= Bill Seward =

American sportscaster (1958–2022)

Bill Seward (June 26, 1958 – January 14, 2022) was an American broadcaster, actor, and coach. In addition to calling various professional and college sports in America, Seward has been “on the mic” for NBC’s Summer and Winter Olympic coverage, Rugby World Cup on NBC, Rugby World Cup Sevens on NBC Sports Network, Varsity Cup, Red Bull Cliff Diving World Series, FIS Alpine Skiing World Cup, FIS Nordic Skiing World Cup, European Figure Skating Championships, FINA Synchronized Swimming World Cup, Vuelta a Espana, Eneco Cycling Tour, Tour of Belgium, Tour of Norway, 4 Days of Dunkirk, Paris Marathon, IBU Biathlon World Championships, Tour de Ski and the Four Hills World Cup ski jumping event. Seward is the host of "Robot Wars" on Discovery Science and has appeared on NBC’s "Early Today" along with programs on MSNBC, CNBC, USA Network, Universal Sports and the horse racing networks HRTV and TVG.

== Broadcasting career ==
At CBS Radio in Los Angeles, Seward has earned several Golden Mikes and multiple "Best Radio Anchor Staff" awards, the top honor presented by the Southern California Sports Broadcasters. He also anchored pregame segments on the Dodgers Radio Network and hosted the postgame call-in show, Dodger Talk. Seward has been voted "Top Sports Update Anchor" a record 13 times by the Los Angeles Daily News.

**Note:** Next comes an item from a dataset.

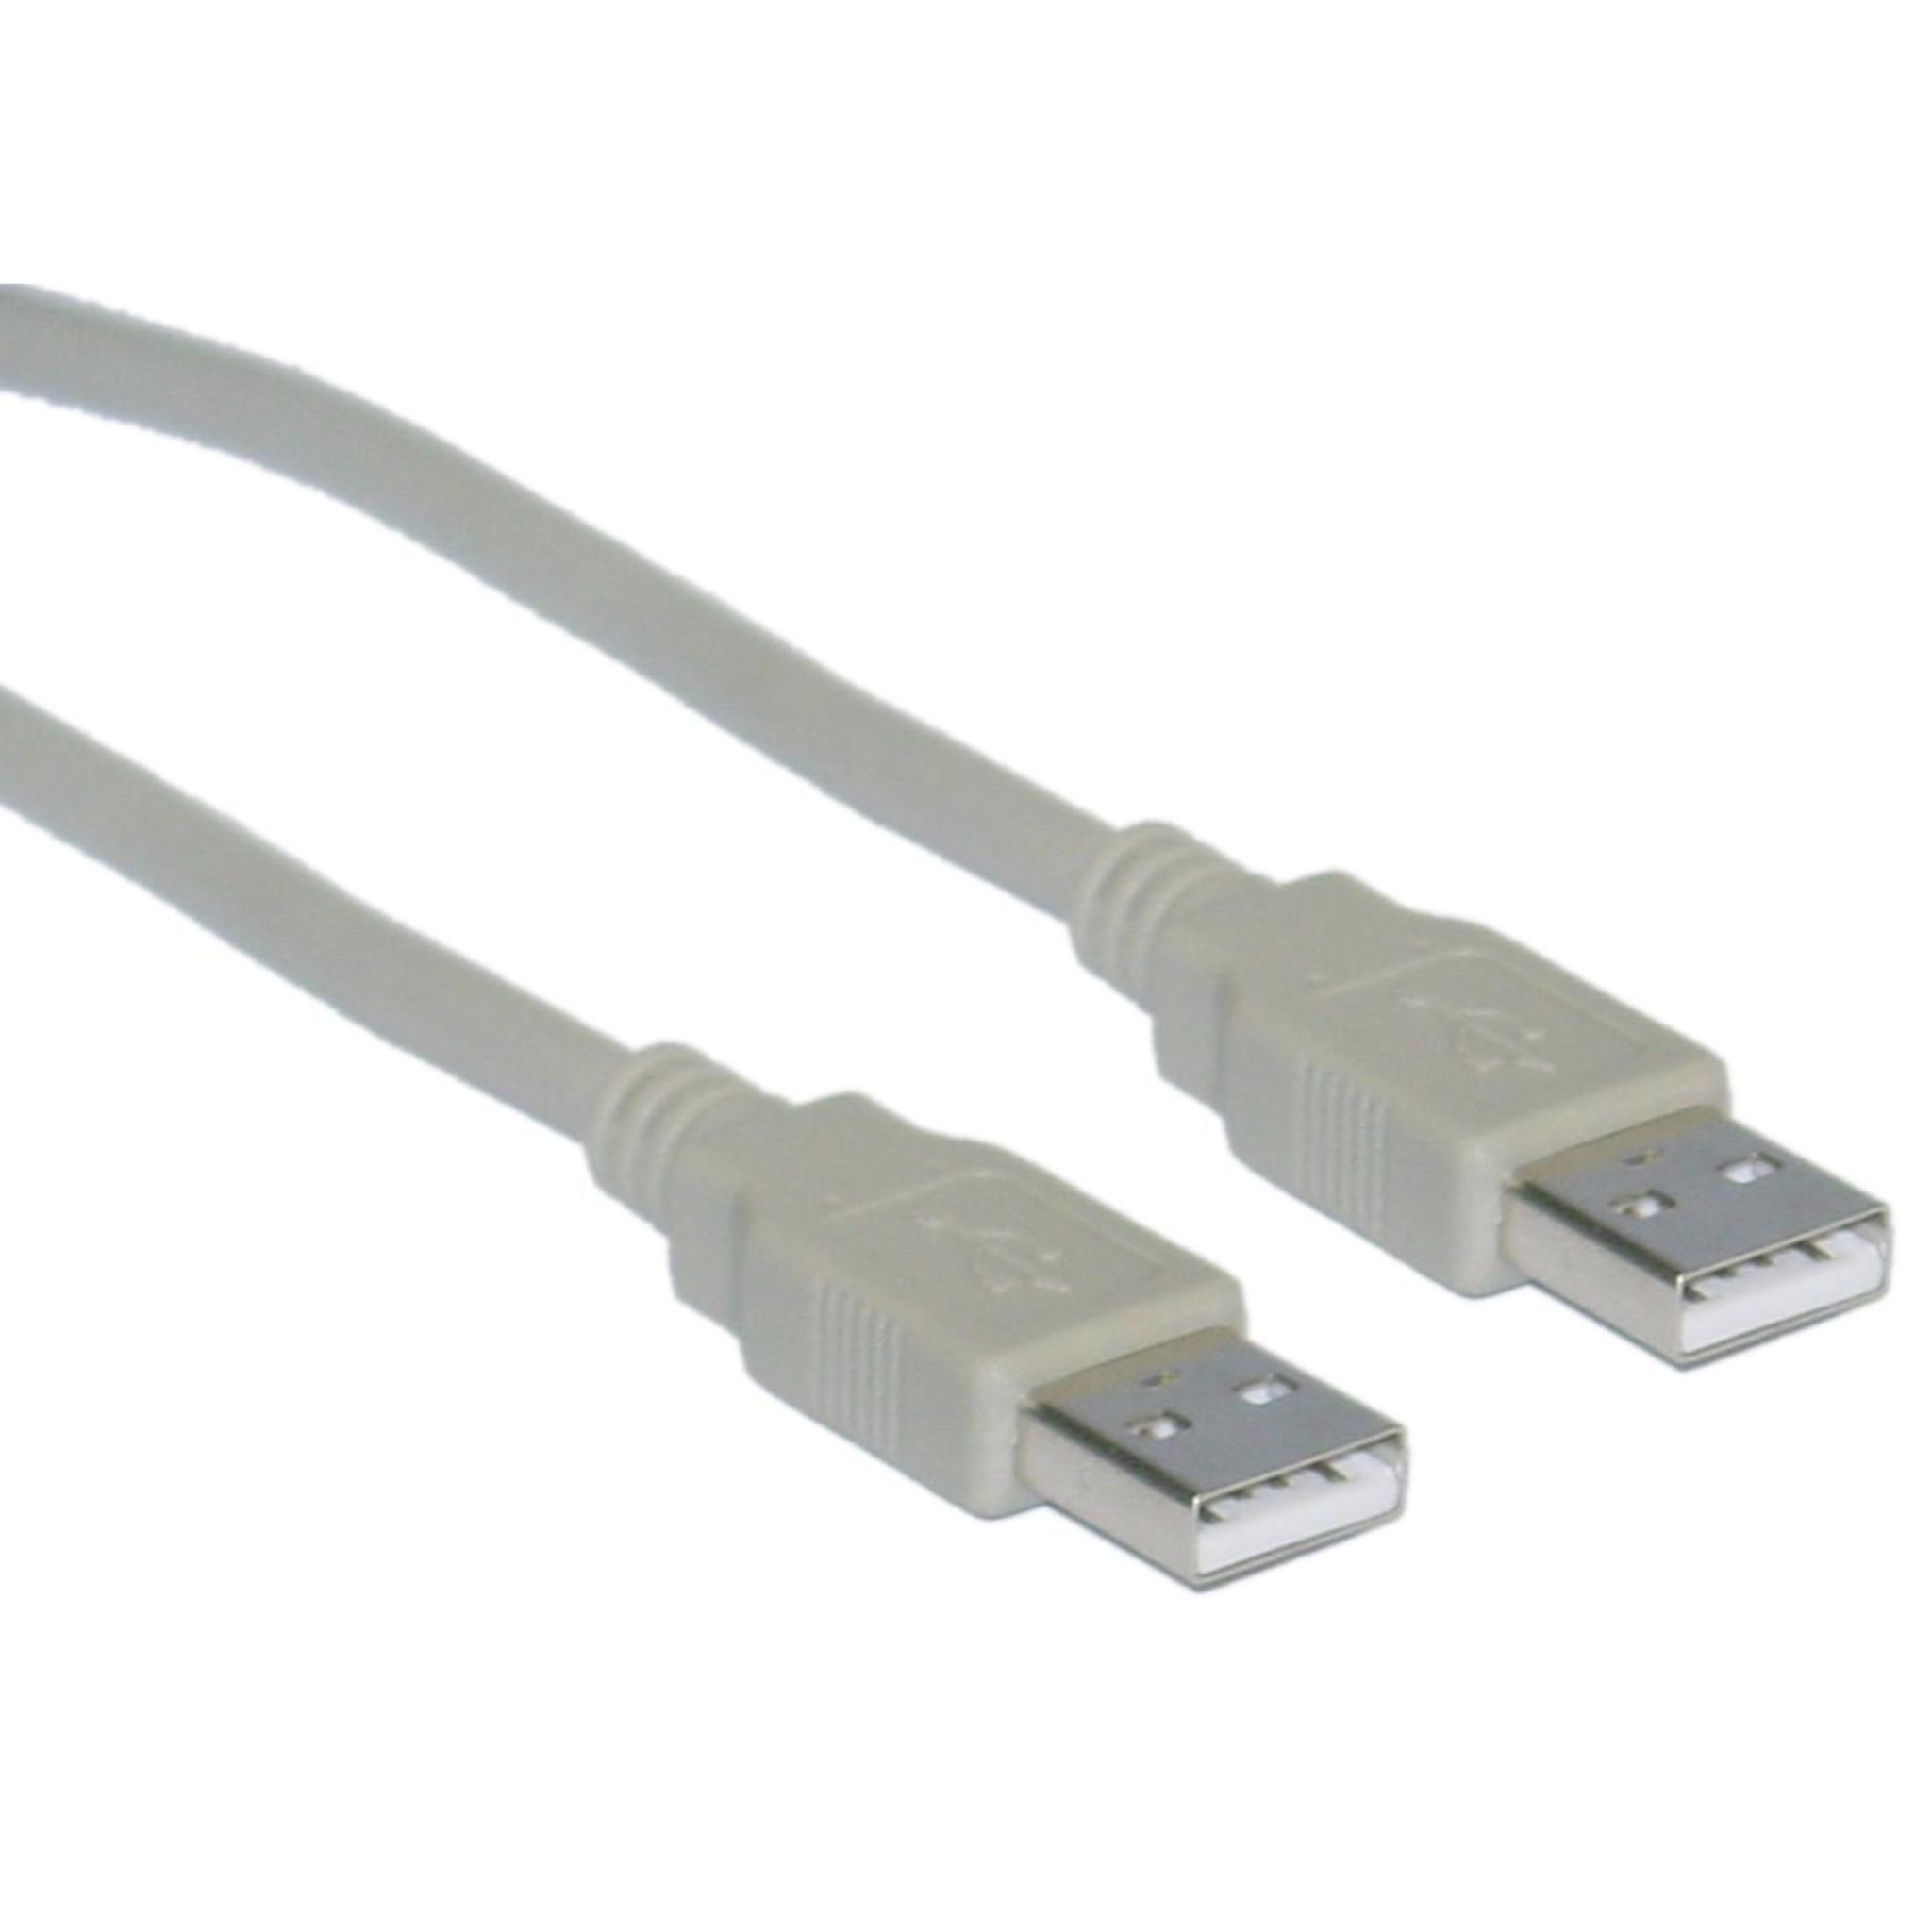 QILIVE Connectique Câble USB A Mâle / A Mâle Gris pas cher

He previously anchored at ESPN on such shows as SportsCenter, ESPNEWS, and 2Day at the Races. He was also part of ESPN's coverage of the 1984 Summer Olympic Games in Los Angeles. While at ESPN, Seward was a regular contributor to ABC World News This Morning. Seward was the Sports Director at KVIQ in Eureka, California. He also worked for KTIE in Oxnard, California, and WNHT in Concord, New Hampshire before returning to his hometown to become an award-winning anchor at KCBS-TV and KNX-AM in Los Angeles.

== Acting ==
In addition to his broadcasting career, Seward has been featured in Danny Boyle's Steve Jobs, Dan Gilroy's Nightcrawler, David Fincher’s Zodiac and Jay Roach's Recount, along with appearances on television shows Modern Family, I'm Dying Up Here, It's Always Sunny In Philadelphia, Scandal, Key & Peele, Revenge, Touch, Monk, Everybody Hates Chris, Medium, Numbers, and several others. Seward is also the host of Sega's popular video game, Virtua Fighter 5.

== Personal life ==
A graduate of Loyola Marymount University, Seward was the youngest head football coach in the nation at Saint Bernard High School in Playa del Rey, California, where he was honored as "Bay Area Coach of the Year." Seward coached at Saint Bernard and at Notre Dame High School in Sherman Oaks, California, and had the privilege of working with several future MLB, NBA and NFL players.

Seward died on January 14, 2022, at the age of 63.